Our new paper “Fused Layer CNN Accelerators” by Manoj Alwani, Han Chen, Michael Ferdman, and Peter Milder has been accepted to appear at MICRO 2016.
A preprint is available here.
In this work, we observe that a previously unexplored dimension exists in the design space of CNN accelerators that focuses on the dataflow across convolutional layers. We find that we are able to fuse the processing of multiple CNN layers by modifying the order in which the input data are brought on chip, enabling caching of intermediate data between the evaluation of adjacent CNN layers. We demonstrate the effectiveness of our approach by constructing a fused-layer CNN accelerator for the first five convolutional layers of the VGGNet-E network, and find that, by using 362KB of on-chip storage, our fused-layer accelerator minimizes off-chip feature map data transfer, reducing the total transfer by 95%, from 77MB down to 3.6MB per image.
Our recent paper on CNN accelerator hardware: “Overcoming Resource Underutilization in Spatial CNN Accelerators” has been accepted to appear at the International Conference on Field-Programmable Logic and Applications (FPL) 2016. This paper was co-written with Yongming Shen and Michael Ferdman. A pre-print is available here.
A new overview paper that I co-authored with with Marcela Zuluaga and Markus Püschel of ETH Zurich has been published in ACM Transactions on Design Automation of Electronics Systems (TODAES). In this paper, we present new hardware structures for sorting that we call streaming sorting networks, which we derive through a mathematical formalism that we introduce, and an accompanying domain-specific hardware generator that translates our formal mathematical description into synthesizable RTL Verilog.
You can read the paper here, and see also our online sorting network generator, which allows you to use the tool described in this paper in your web browser.
As a preview, the following graph shows the cost of implementing various sorters with 16-bit fixed point input values that fit on a Xilinx Virtex-6 FPGA. The x-axis indicates the input size n, the y-axis indicates the number of FPGA con- figurable slices used, and the size of the marker quantifies the number of BRAMs used (BRAMs are blocks of on-chip memory available in FPGAs).

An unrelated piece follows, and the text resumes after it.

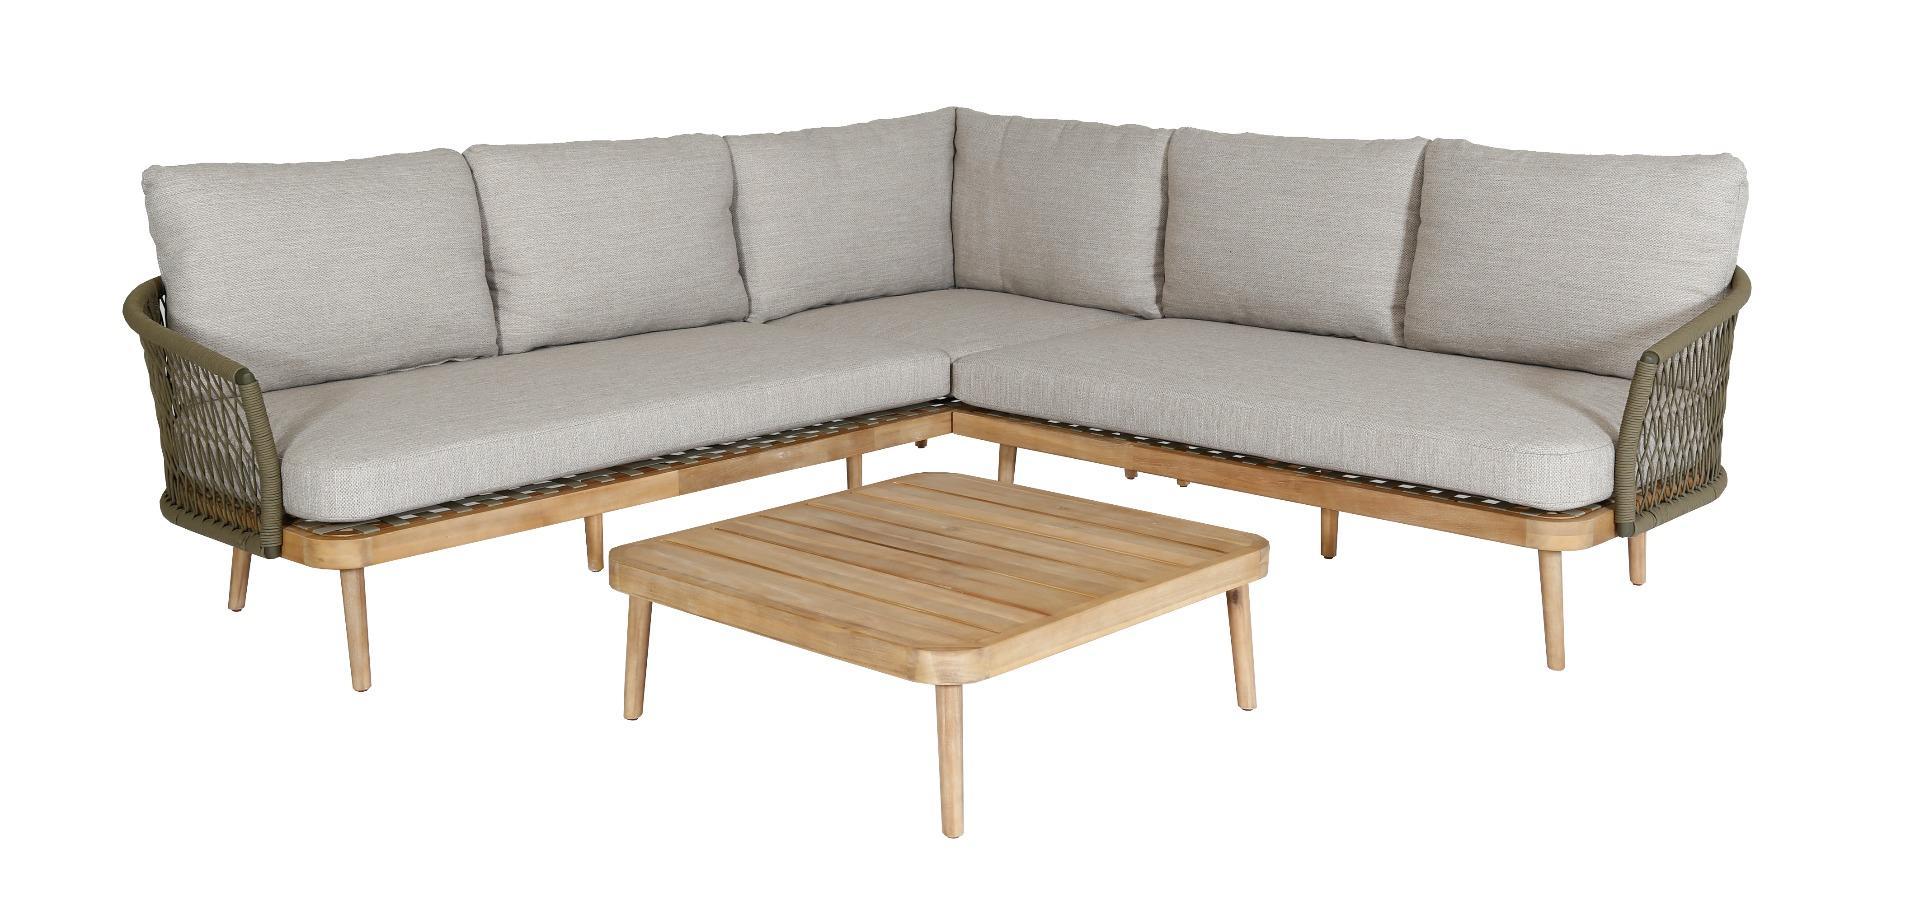 Korting Maui lounge corner set 3pcs (left arm right arm table 80x80x28cm)

The implementations using Batcher’s and Stone’s architectures can only sort up to 128 or 256 elements, respectively, on this FPGA. Conversely, our streaming sorting networks with streaming width w = 2 can sort up to 219 elements on this FPGA, and our smallest fully streaming design can sort up to 216 elements.

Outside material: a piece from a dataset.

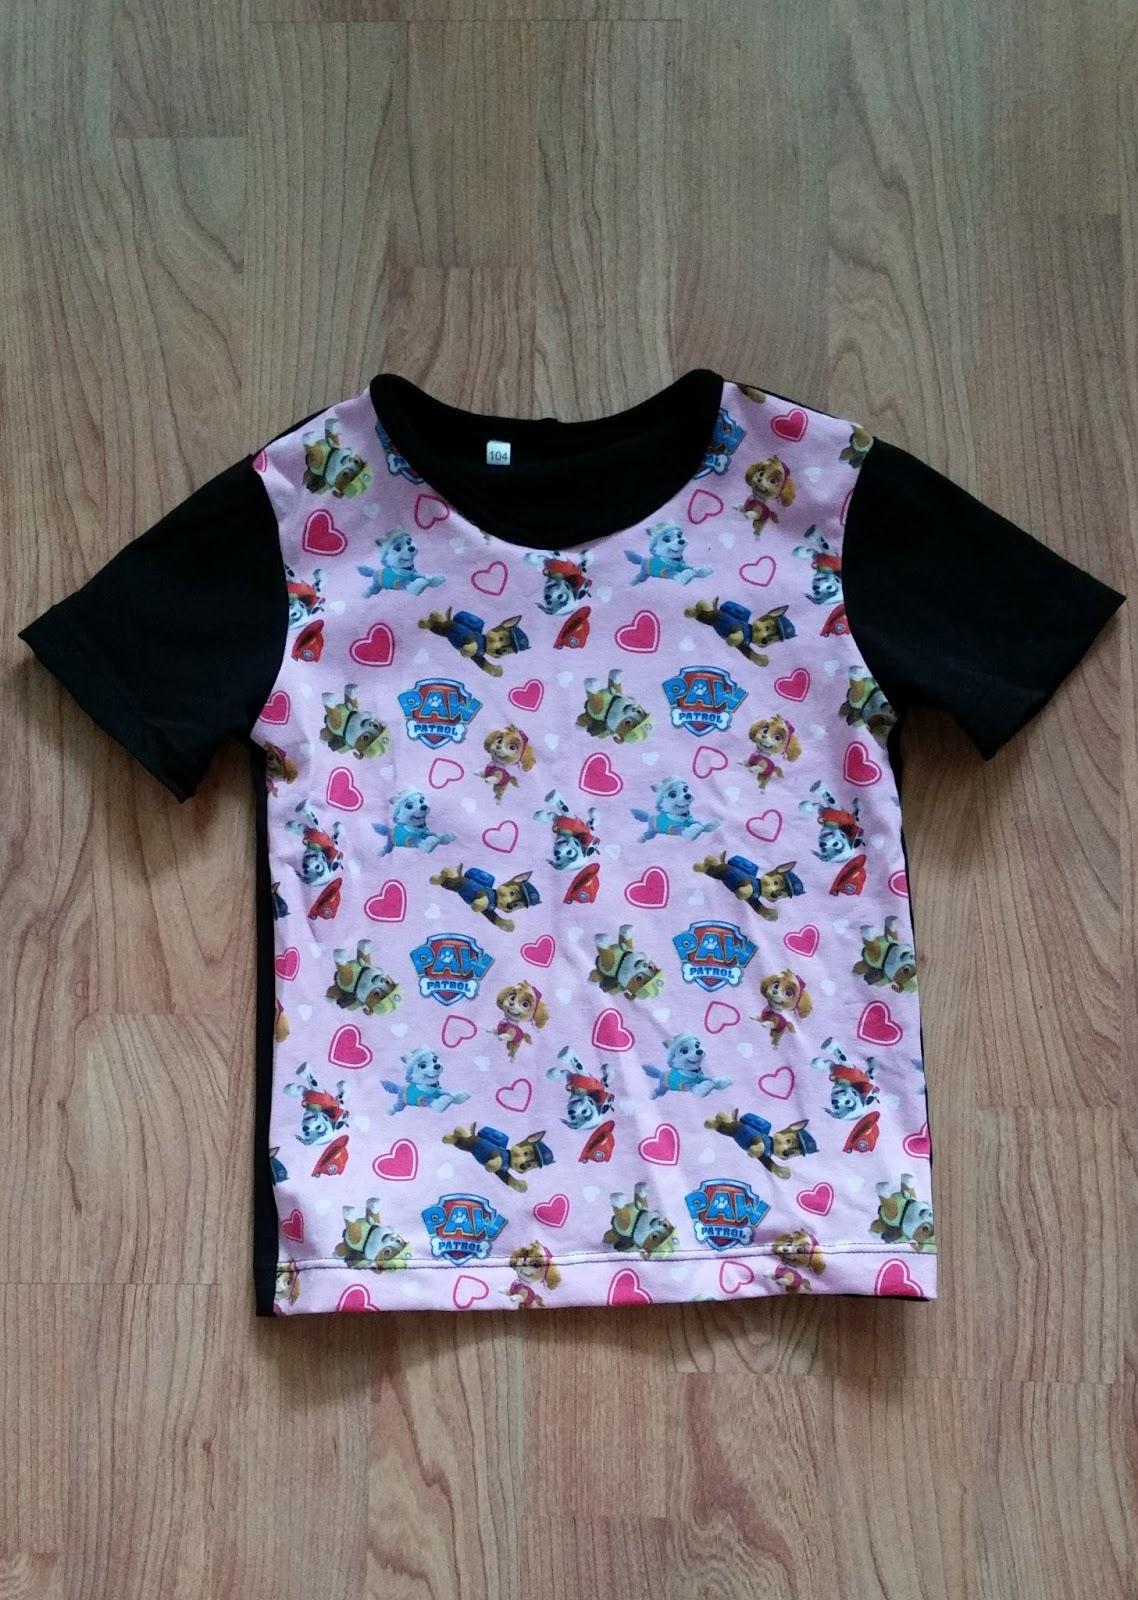 Tämä pinkki Ryhmä Hau -kangas oli sellainen pakko saada kangas 1de04d806e

The following graph shows all 256-element sorting networks that we generate with our framework (using 16-bits per element) that fit onto the Virtex-6 FPGA. The x-axis indicates the number of configurable FPGA slices used, the y-axis indicates the maximum achievable throughput in giga samples per second, and the size of the marker indicates the number of BRAMs used. This plot shows that we can generate a wide range of design trade-offs that outperform previous implementations, such as that of Stone and the linear sorter (Batcher’s is omitted due to the high cost). For practical applications, only the Pareto-optimal ones (those toward the top left) would be considered.